Author: Mike Hearn 2014-03-02 10:57:39
Published on: 2014-03-02T10:57:39+00:00
In an email conversation, Dev Random raises concerns about the technical expertise required to perform delegation signature for small businesses or individuals. One solution proposed is for a simple GUI app to be produced that allows them to open CA cert files and produce the ExtendedCert file, which can then be sent to the PP. However, for small businesses without a CA cert, there are no great solutions yet, leaving a virgin market waiting to be tapped. The idea of having another scheme where a merchant can be name spaced under the payment processor is also discussed. This would require just one additional field - the merchant identifier. However, the question of what exactly the "merchant identifier" means is left unresolved, making it equivalent to putting the merchant name in the memo field. It is suggested that payment processors become certificate authorities themselves, with BitPay becoming their own CA that doesn't issue SSL certs but rather "local business certs" that contain a verified street address.

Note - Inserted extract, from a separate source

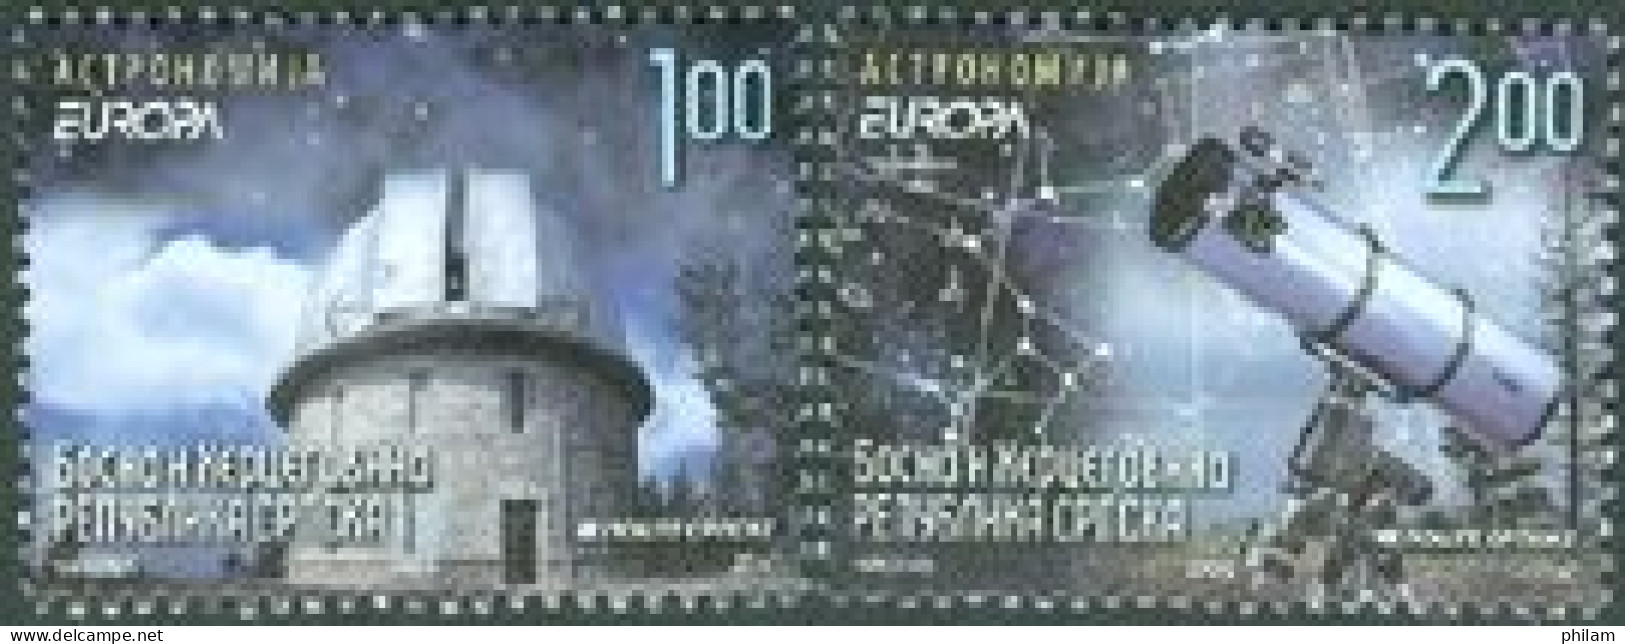 BOSNIE SERBE - 2009 - Europa - L'astronomie - 2 V.  - 2009

However, setting up such a scheme requires real work, with questions around how the verification process would work and what it actually means when a payment processor issues a cert containing verified information.There is also discussion around ID requirements being low and cheap for the primary use case of making hardware wallets secure. One suggestion is posting a postcard with a nonce on it, while another is for bitcoin payment processor CAs to make visiting a business, gathering photo evidence and issuing a cert into a kind of microwork task with the PP/CA acting as a broker.